Making Your DME Billing Efforts Pay Off

DME Billing Roadblocks You Need to Understand

Ask anybody involved in the business of prescribing, manufacturing or selling DME (Durable Medical Equipment) items or supplies, and chances are more than three-fourths of them will tell you about the many difficulties they regularly face in maintaining a consistent collection rate with their DME billing efforts. Billing for healthcare products and services is a pretty complex affair in itself. With DME billing, things go up one notch higher. Let’s take a closer look.

One needs to remember that DME items can be either purchased or rented. This adds an extra layer of complexity to the DME billing process as the associated coding needs to be modified accordingly. Another DME billing caveat is remembering to bill for not just the main device, but also for supporting supplies that are required for its operation. To give an example, it would be an unfortunate overlook if somebody bills only the glucose monitor and forgets about the test strips.

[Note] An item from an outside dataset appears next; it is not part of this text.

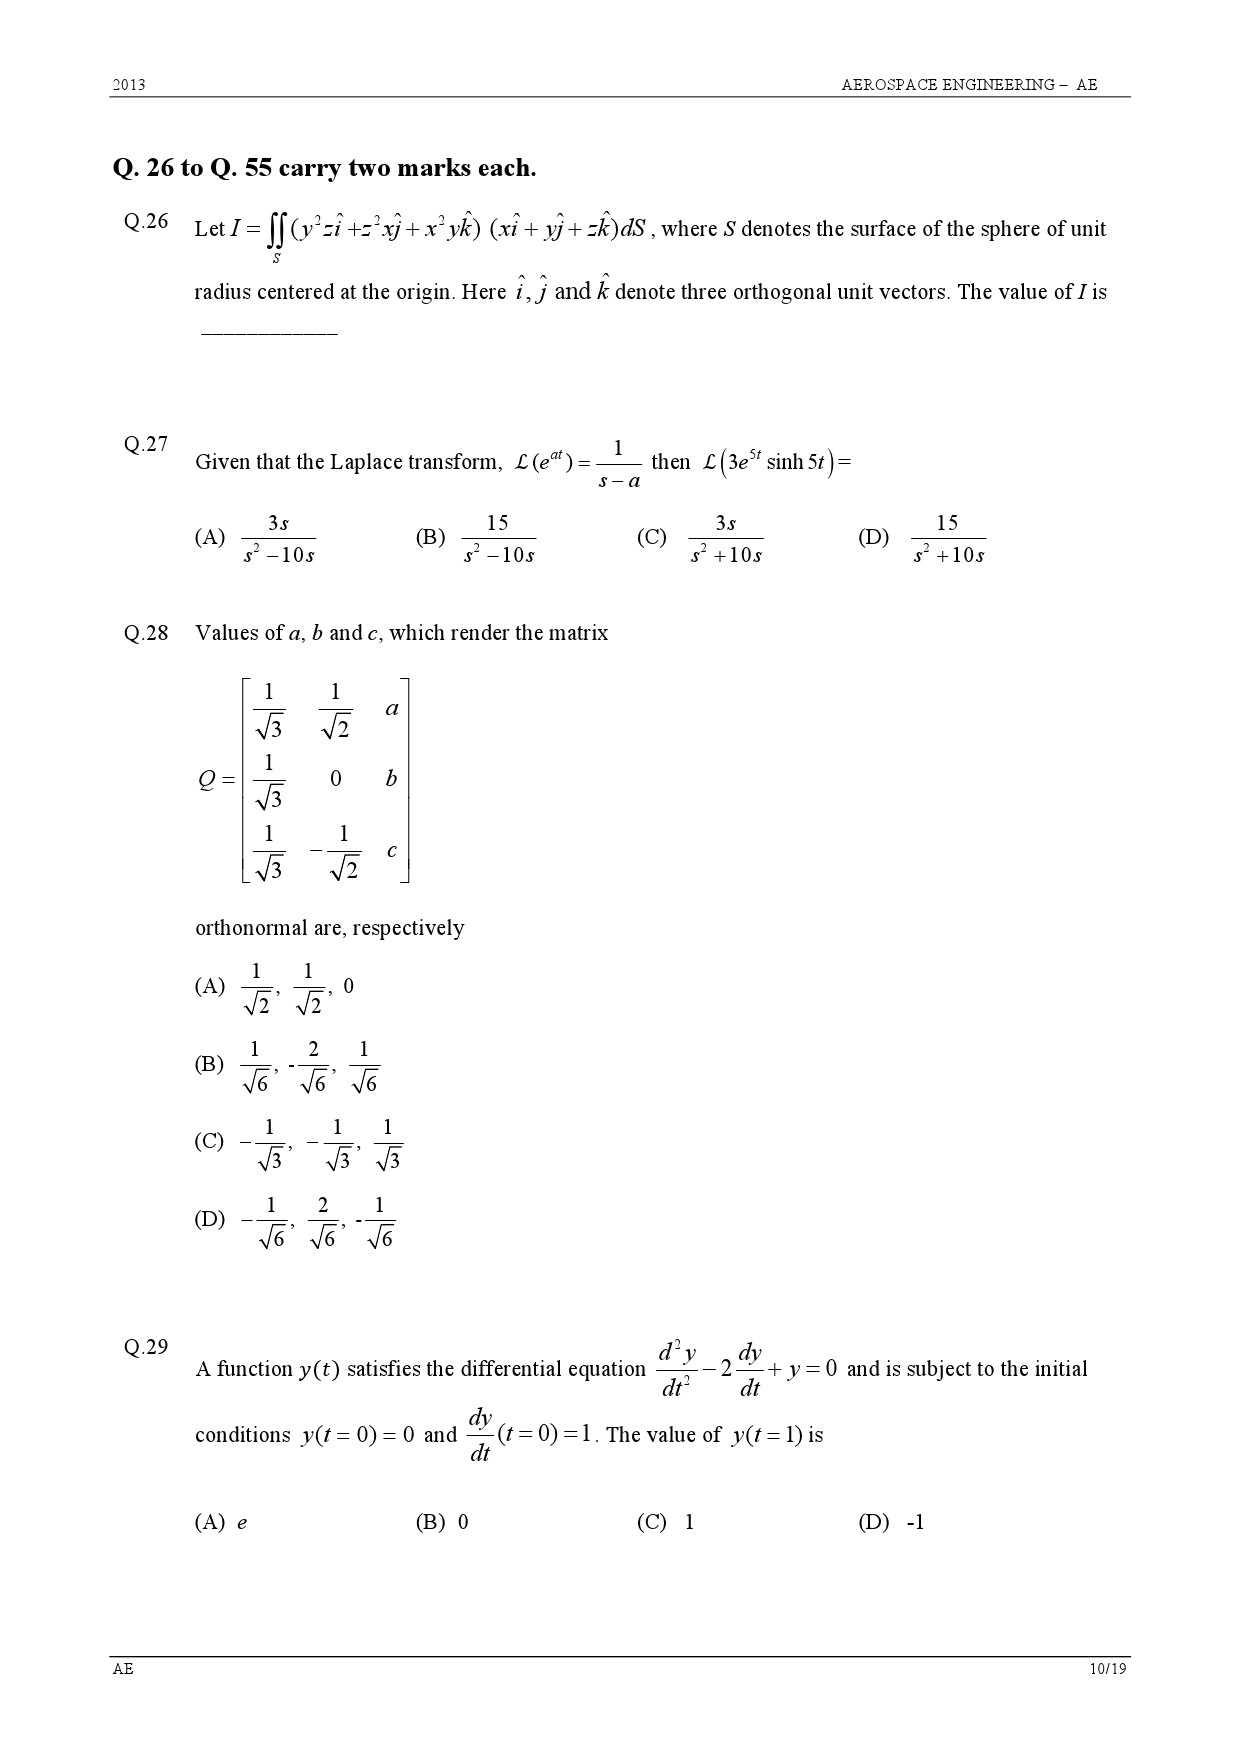 GATE Exam 2013 Aerospace Engineering Question Paper 10

To put it simply, billing for DME products requires a great deal of accuracy and considerable amounts of coding knowledge, not to mention the varying reimbursement requirements of different payers. The problem is, finding competent personnel to take care of these requirements can be a real challenge. This is especially true when one considers the general dearth of skilled labor in the market today.

Aiming for a Better Billing Process

With a view to improving efficiency, minimizing errors and increasing collections, a large number of DME providers are enthusiastically outsourcing their DME billing tasks to specialized billing agencies. When done with some amount of strategic planning, outsourcing of billing operations to an external billing partner – especially if that partner is located in a foreign country where the cost of labor is cheap but the local talent pool is plentiful – can bring about fantastic savings for the provider.

One of the biggest advantages that DME practices can reap from an outsourced scenario is instantly improving the overall efficiency and effectiveness of their billing operations. This is largely owing to the fact that professional billing agencies employ highly streamlined processes that invariably result in big improvements in the overall quality of a practice’s billing operations.

Moreover, providers are usually required to pay for actual hours of work done, based on a pre-determined fixed hourly rate. And this can add up to an optimal operational expenditure. It is important to remember that this also comes with an absence of all other forms of cost which are normally associated with a conventional, in-house setting.